(The Center Square) – As Maryland grapples with a heatwave, the Maryland Public Service Commission is mandating that electric and gas utilities extend the notice period for customers facing potential service disconnection due to a funding shortfall in two utility bill assistance programs managed by the Maryland Department of Human Services Office of Home Energy Programs.
“While moratoriums on service terminations may be necessary, sometimes the potential negative consequences can outweigh the benefits. As the Fuel Fund of Maryland noted, a moratorium on disconnections– and the resulting accumulation of arrearages– can make it difficult for low-to-moderate-income households to catch up on their overdue bills once the moratorium ends,” according to the commission.
While refraining from imposing a moratorium on service shut-offs, the commission acknowledges the voluntary efforts of most Maryland utilities to halt disconnections for customers recently denied assistance.
“While the Commission has opted not to impose a moratorium on service shut-offs for affected customers behind on their bills, it recognizes that most Maryland utilities have voluntarily halted disconnections to customers whose assistance applications have been recently denied, and strongly encouraged all other Maryland utilities to do the same until at least July 31, 2024,” according to the commission.
In April, the commission learned that funding for the Maryland Energy Assistance Program and the Gas Arrearage Retirement Assistance Program had been exhausted, leading to application denials from April 17, 2024, through the completion of the fiscal year, ending on June 30.
In response, the commission sought comments from utilities and other stakeholders to gauge the impact and appropriate measures to mitigate customer hardships.
The responses indicated that most utilities had already halted disconnections for affected customers and actively provided information on alternative assistance programs.
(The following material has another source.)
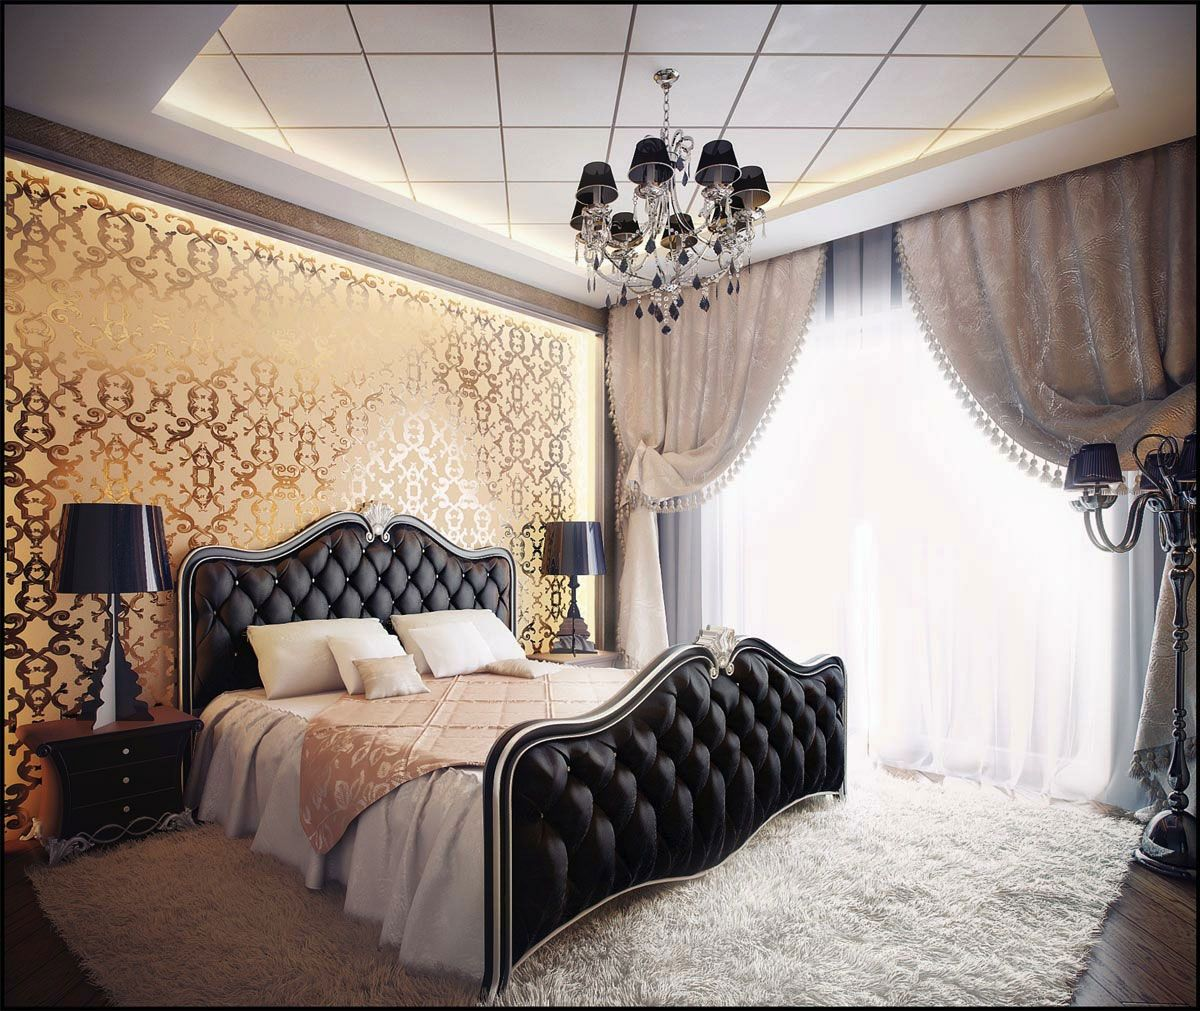 Bedroom Design Elegant Romantic Bedroom Design With Traditional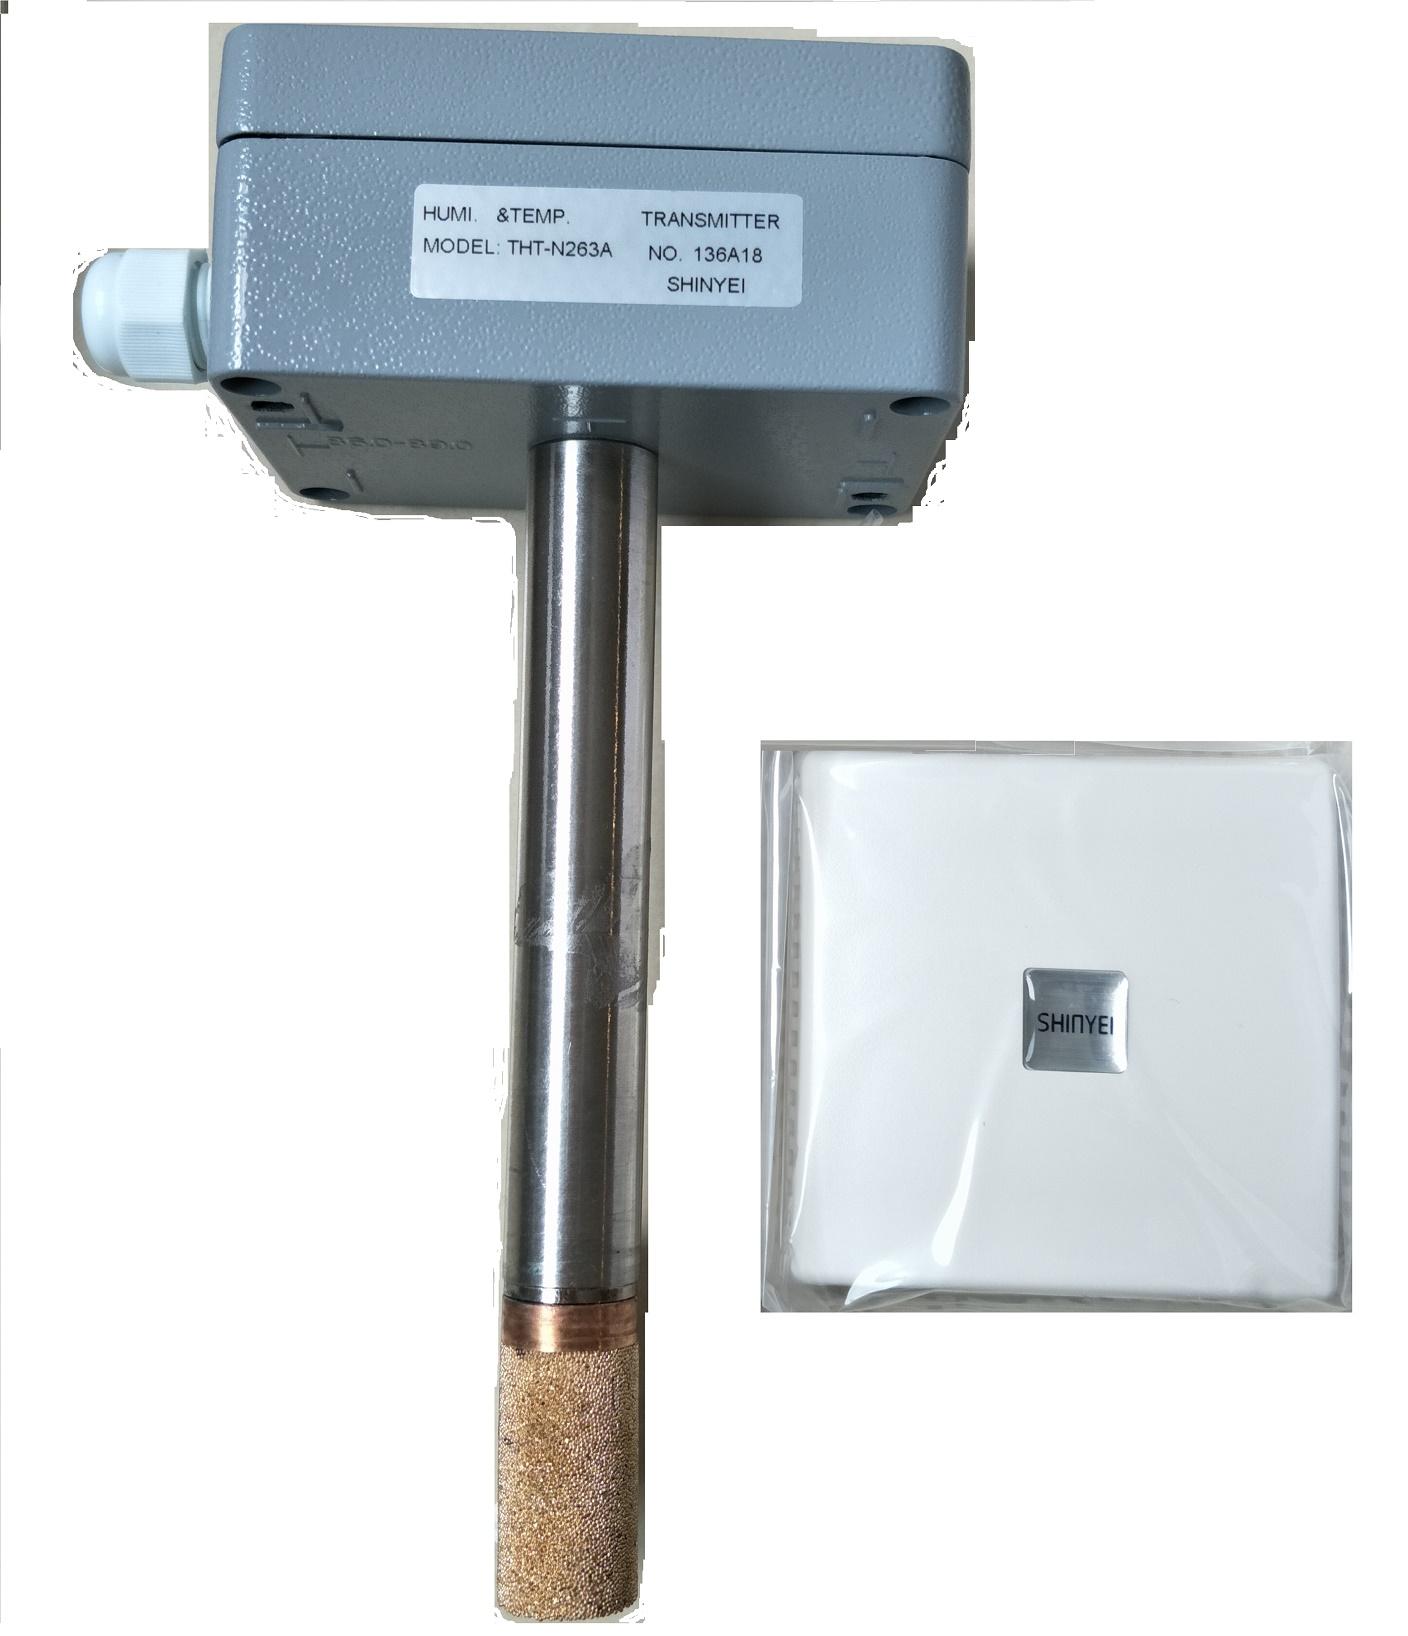 THT-N263A SHINYEI 神荣风管温湿度变送器现货批发零售

The commission found that a moratorium on disconnections could potentially exacerbate the financial burden on low-to-moderate-income households, making it harder for them to recover once the moratorium ended.
Adopting a recommendation from the Maryland Energy Advocates Coalition, the commission directed utilities to extend termination notice periods by 15 days for customers denied OHEP funds between April 17 and June 30. Utilities are required to report back to the commission within 30 days on their compliance with this directive and other protective measures taken, according to the commission.
Additionally, the commission has requested a report from DHS on the long-term funding outlook for OHEP and the timing for the distribution of MEAP and GARA funds in the new fiscal year.